America’s Top Employers Still Lag Far Behind On Basic Family Leave Policies

While a number of major companies have made significant strides in providing paid family leave this year, and the benefits of these policies are widely reported, a majority of the U.S.’s top employers still lag far behind.

According to a new study by Paid Leave for the United States (PL+US), a national nonprofit advocating for paid family leave, two-thirds of the country’s 60 biggest employers (so ranked by the number of U.S. employees) have either no paid leave policy, or refused to disclose their paid leave policy.
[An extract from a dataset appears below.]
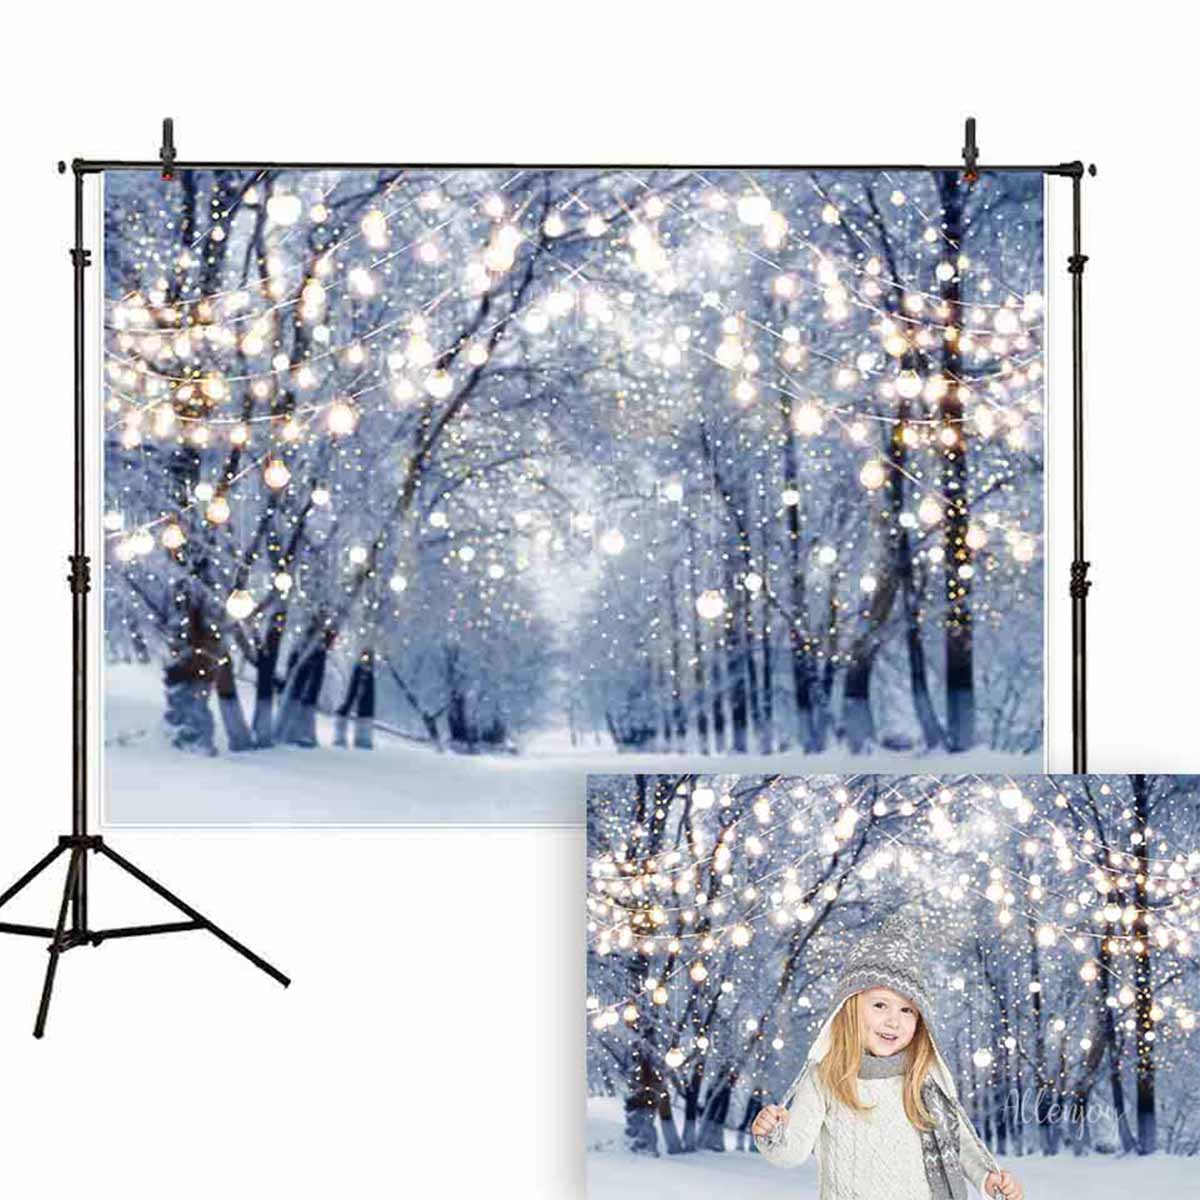 5x3FT-7x5FT-8x6FT-Light-Strip-Winter-Snow-Forest-Street-Photography-Backdrop-Background-Studio-Prop-1609475-5

Only 27 of the 60 employers were able to confirm the existence of a formal leave policy, and only five companies offer policies with equal leave for both fathers and mothers, as well as for adoptive parents. Among the country’s top 60 employers, Amazon, Bank of America, Deloitte, and EY provide the most extensive family leave policies, offering 16 weeks or more of fully paid parental leave for mothers, fathers, and adoptive parents. Coca-Cola also recently enhanced its policy to be gender-neutral, which impacts around 40,000 U.S. workers. Others such as Starbucks offer six weeks of maternity leave but no paternity leave.

Across the nation, more than 100 million employees have no access to paid family leave, and one in four new mothers goes back to work just 10 days after giving birth. Only 13% of private-sector employees have access to paid family leave, and that number drops to 6% for low-wage employees.

Furthermore, the PL+US study found that low-wage workers are often left out of family leave policies, though they are often the ones who need the financial support the most. For example, Walmart, the U.S.’s largest employer, confirmed that they provide paid leave to salaried employees, but not to hourly employees.

The Business Case For Paid Leave

An earlier study by the Center for Economic and Policy Research found that 89% of business owners in California reported either positive or no negative effects on productivity after the state guaranteed six weeks of paid time off for new mothers. Furthermore, 93% agreed it had a positive or no negative impact on turnover, and 99% said the same about employee morale. At the same time, parental leave policies can help level the playing field for new moms and dads, and allow employees to return to work less stressed out and better rested, which ultimately works in the employer’s favor.

“The several months it would take to find a replacement, along with the cost of manpower to recruit and interview, heavily outweighs the cost of providing this benefit,” ZestFinance’s chief people officer, Sonya Merrill, told Fast Company earlier this year, shortly after the company extended its paid parental leave policy to six months.

The U.S. and Papua New Guinea currently remain the only industrialized nations in the world that don’t offer guaranteed paid leave of any kind, which was a key talking point for candidates of both major parties during the presidential election. President-elect Donald Trump proposed a policy that would offer six weeks of paid maternity leave to new mothers whose employers do not provide coverage, but some experts have suggested it will be up to employers to set the social policy standards in this deeply divided political landscape.

“What’s likely to happen in 2017, as more and more companies go down that path of setting what that standard is, it will set a de facto social policy,” Brian Kropp, the human resources practice leader for CEB, recently told Fast Company. Kropp explained that many have given up hope in the government stepping in to expand family leave policies nationwide, and are instead looking to private companies to take the matter into their own hands. “That will have a bigger impact on social policy than what government can accomplish in a dysfunctional Washington,” he said.

But with a majority of the U.S.’s top employers offering no leave, unbalanced policies, or refusing to disclose their family leave policies publicly, it’s difficult to remain hopeful that the private sector will move any quicker on the issue.